The U.S. Department of Homeland Security has issued a binding operational directive (BOD) which requires all federal agencies to correct critical vulnerabilities in Internet-accessible systems within 15 days of detection, and high severity vulnerabilities within 30 days of detection.
Federal agencies are increasingly deploying Internet-accessible systems which are interconnected with complex IT systems. Vulnerabilities in those Internet-accessible systems could be exploited by threat actors to gain access to the internal networks of federal agencies. DHS explained that the average time taken by threat actors to exploit a vulnerability after it has been discovered is decreasing. It is therefore critical for serious vulnerabilities to be corrected in the shortest possible time frame.
Internet-accessible systems used by federal agencies are subjected to Cyber Hygiene scans and the Cybersecurity and Infrastructure Security Agency (CISA) issues reports to those agencies on the results, including details of identified vulnerabilities and their CVSS scores.
In 2015, DHS issued Binding Operational Directive 15-01 – Critical Vulnerability Mitigation Requirement for Federal Civilian Executive Branch Departments and Agencies’ Internet-Accessible Systems – which required all critical vulnerabilities to be addressed within 30 days of discovery. BOD 19-02 cuts the maximum time in half to further enhance the security posture of federal agencies.

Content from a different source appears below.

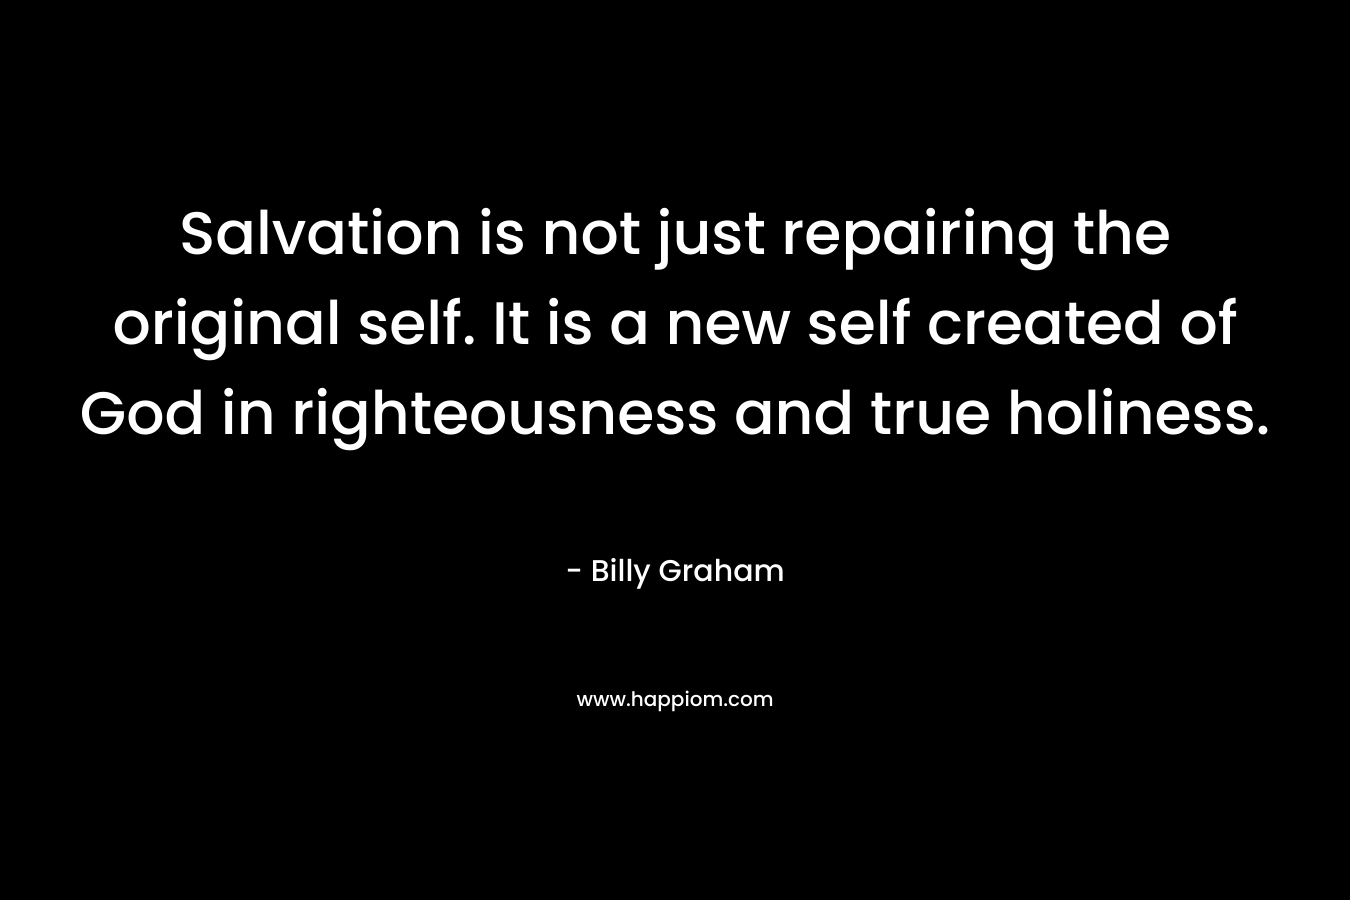 Salvation is not just repairing the original self. It is a new self created of God in righteousness and true holiness.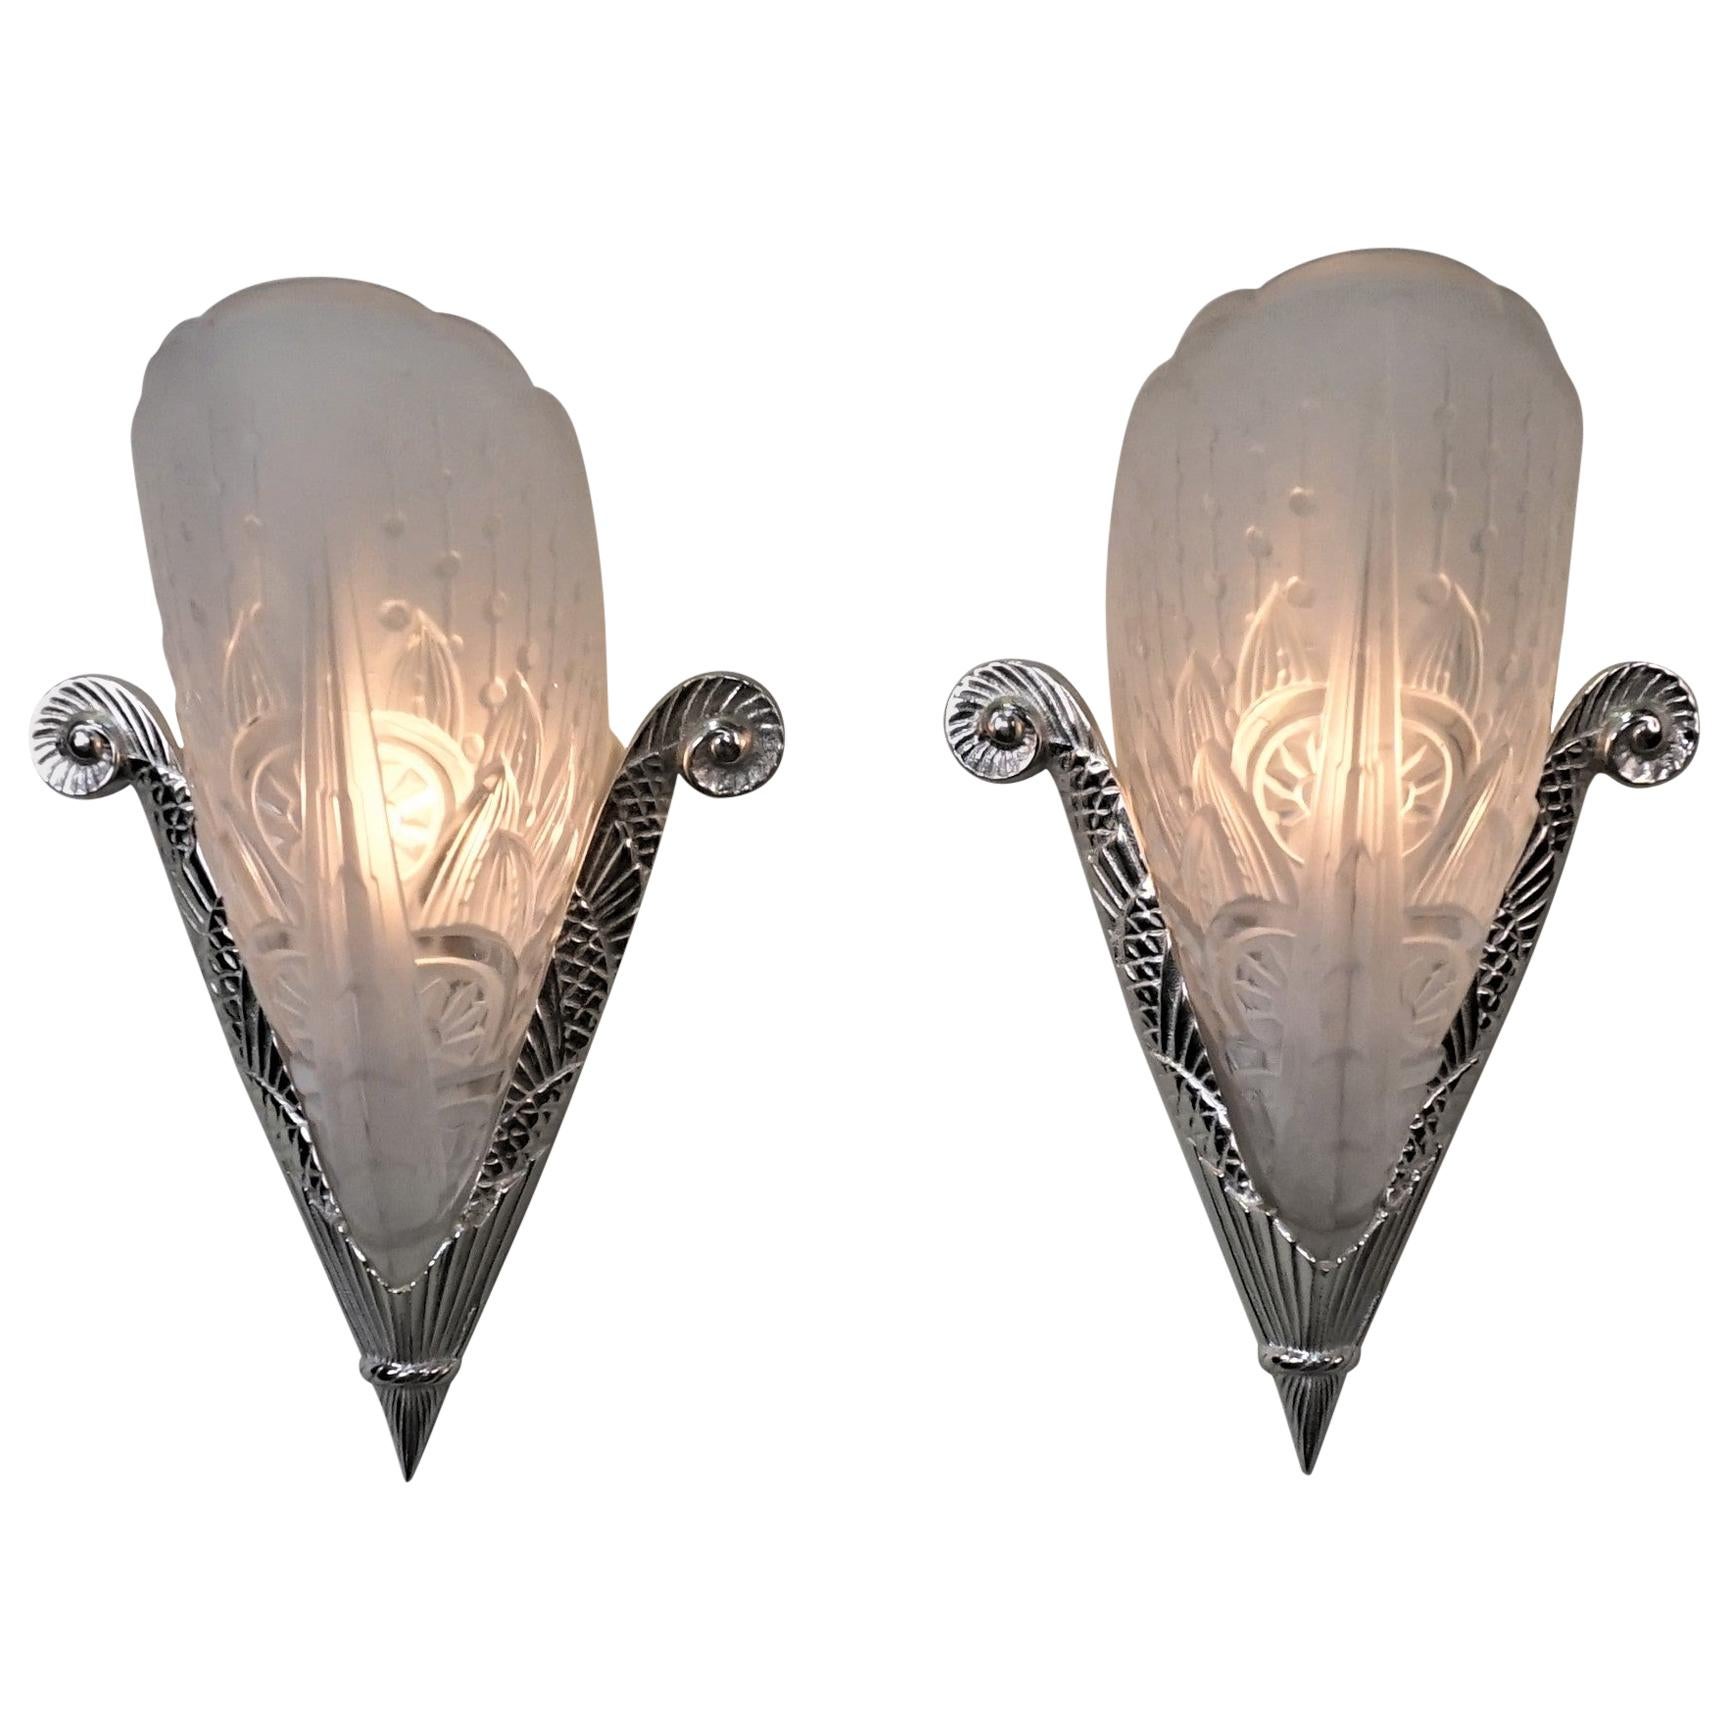 Pair of French Art Deco Wall Sconces by Lorraine Nancy

BOD 02 sets the maximum timescale and the minimum necessary requirements with respect to addressing vulnerabilities. Federal agencies are responsible for the management of security risks within their own environments and are being urged to ensure that their vulnerability and patch management programs exceed the requirements of BOD 19-02. For instance, if a vulnerability is discovered for which an exploit is available and is being actively exploited in the wild, it is important for the flaw to be mitigated rapidly, and far more rapidly than 15 days.
If a vulnerability cannot be addressed within the new maximum time frame, CISA must be notified within three days and must be provided with a report of the problems faced, the mitigations put in place, and an expected completion date.
BOD 19-02 instructs CISA to offer technical assistance to help federal agencies correct cybersecurity vulnerabilities and will report to the Office of Management and Budget (AMB) on challenges faced by government agencies to facilitate policy and budget related actions. CISA will track the remediation of critical and high-severity vulnerabilities through Cyber Hygiene scans and will validate compliance with BOD 19-02.